Belum lama ini, kepemilikan mayoritas di Bank Danamon yang merupakan salah satu bank papan atas di tanah air, sudah beralih ke pemodal dari Jepang. Detik.com (29/4/2019) memberitakan hal tersebut di bawah judul "Danamon Resmi Dicaplok Bank Jepang, Transaksinya Tembus Rp 52 T".
Bank Danamon didirikan tahun 1956 dan telah melewati rangkaian sejarah yang panjang. Awalnya merupakan bank yang seratus persen milik investor dalam negeri, kemudian bank ini beberapa kali berganti kepemilikan sampai akhirnya lepas ke tangan asing. Â Sempat jatuh ke tangan investor Singapura melalui grup Temasek, sekarang dikuasai oleh Mitsubishi UFJ Financial Group (MUFG) dari Jepang.

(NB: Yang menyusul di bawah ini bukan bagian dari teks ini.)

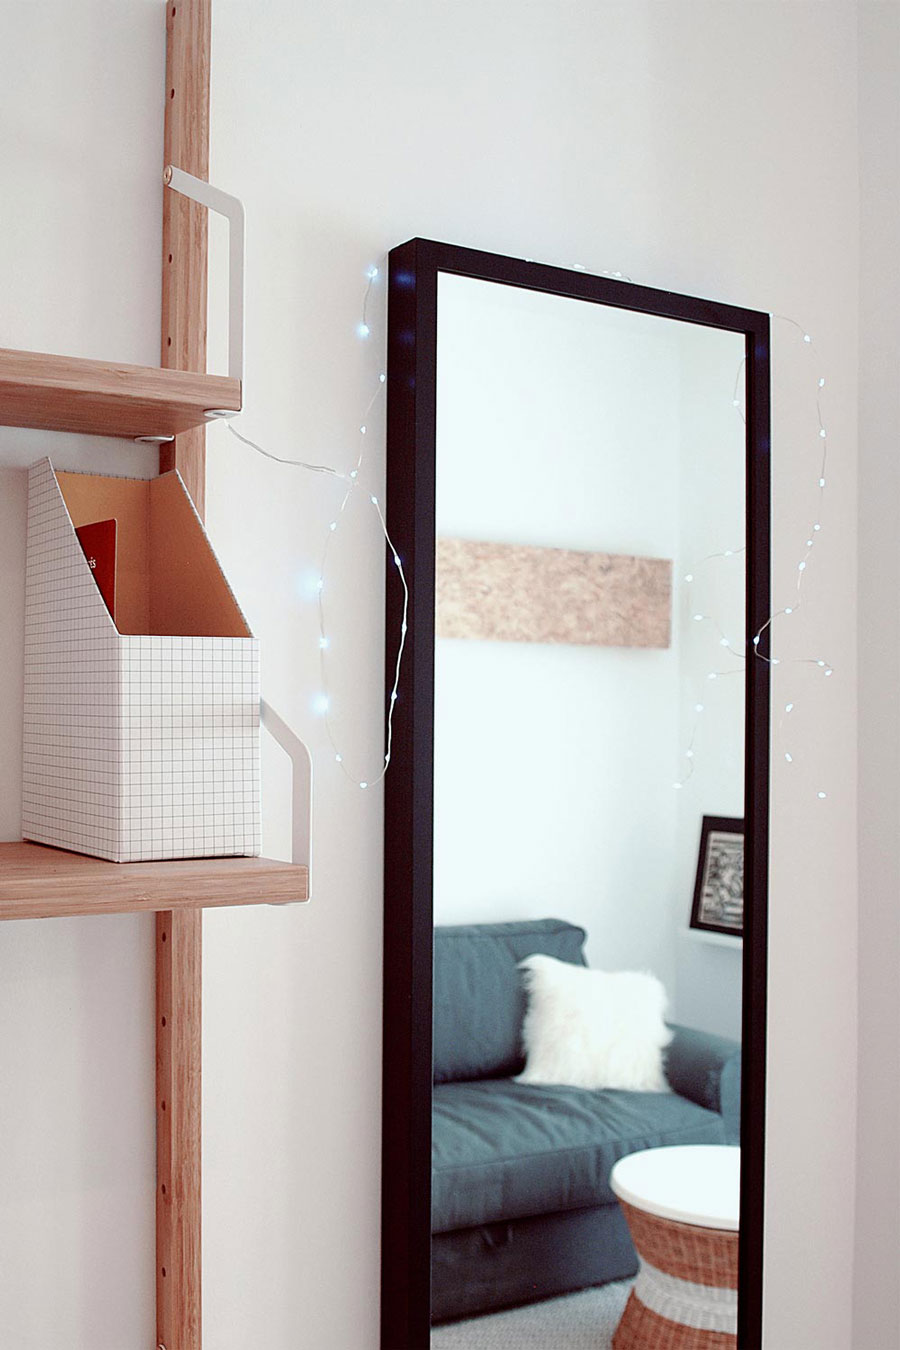 Interior detail of an IKEA mirror and shelves

Tentu saja hal itu menambah panjang daftar bank asing yang berkiprah di tanah air. Bank Tabungan Pensiun Nasional (BTPN), yang diberdiri tahun 1958 dan diprakarsai oleh 7 orang pensiunan militer di Bandung, juga terhitung baru dikuasai oleh bank dari Jepang lainnya, Sumitomo Mitsui Banking Corporation (SMBC).
Akuisisi dari bank asing terhadap bank dalam negeri yang sudah berjalan lebih lama lagi contohnya adalah Bank Niaga yang diambil oleh CIMB dari Malaysia, yang di dalamnya juga telah "menelan" Bank Lippo. Berikutnya ada lagi Bank Internasional Indonesia yang menjadi milik  Maybank, juga dari negara jiran Malaysia. Bank NISP diambil oleh OCBC dari Singapura.  Bank Buana menjadi Bank UOB juga dari Singapura. Â
Bila dilihat dari sisi prinsip resiprokal, kelihatannya memang tidak berimbang. Bank-bank asing semakin banyak mencaplok bank domestik. Sementara bank-bank yang 100 persen milik negeri sendiri susahnya setengah mati sekadar untuk membuka cabang di Singapura atau Malaysia.
Tapi sekarang ada berita yang bisa dibilang sebagai serangan balik. Bank Mandiri yang merupakan bank milik negara tengah menjajaki untuk mengakuisisi Bank Permata yang nota bene pemegang saham pengendalinya adalah Standard Chartered Bank, bank terkemuka asal Inggris. Sayangnya berita tentang progress akuisisi Bank Permata ini tidak banyak diekspos oleh pihak Bank Mandiri.
Industri perbankan memiliki nilai yang strategis, karena sampai saat ini masih menjadi yang paling dominan dalam aktivitas penghimpunan dana dari masyarakat yang mempunyai kelebihan uang dan sekaligus juga menyalurkannya kembali kepada dunia usaha atau masyarakat yang membutuhkan modal.
Memang dengan maraknya keberadaan pendatang baru berupa industri fintech yang memudahkan banyak orang untuk menabung atau mengajukan permohonan kredit cukup melalui aplikasi secara daring saja, memunculkan kekhawatiran akan masa depan perbankan.
Kehadiran fintech boleh jadi akan menggoyahkan bank-bank yang selama ini fokus pada kredit retail dan konsumer. Namun untuk transaksi skala besar yang biasa dalam melayani nasabah korporasi, yang menyimpan dananya atau mengajukan permohonan kredit dalam ukuran triliunan rupiah, tampaknya masih harus mengandalkan perbankan.
Makanya jangan heran, bank-bank asing masih sangat bernafsu untuk masuk ke Indonesia, negara yang diproyeksikan akan menjadi kekuatan ekonomi terbesar ke 4 di dunia pada tahun 2045, setelah China, India dan Amerika Serikat. Bahkan Standard Chartered Plc memproyeksikan hal itu bisa terwujud lebih cepat, yakni pada tahun 2030 (okezone.com, 9/1/2019)
Berdasarkan berita di Infobank edisi Mei 2019, sekarang ini terdapat 42 bank asing yang berkiprah di Indonesia dan berasal dari 15 negara. Jepang tercatat sebagi yang paling agresif dengan menempatkan 8 bank yakni Bank of Tokyo, BTPN, Sumitomo Mitsui Indonesia, Mizuho, J-Trust, Resona Perdania, BTPN Syariah dan Nusantara Parahyangan.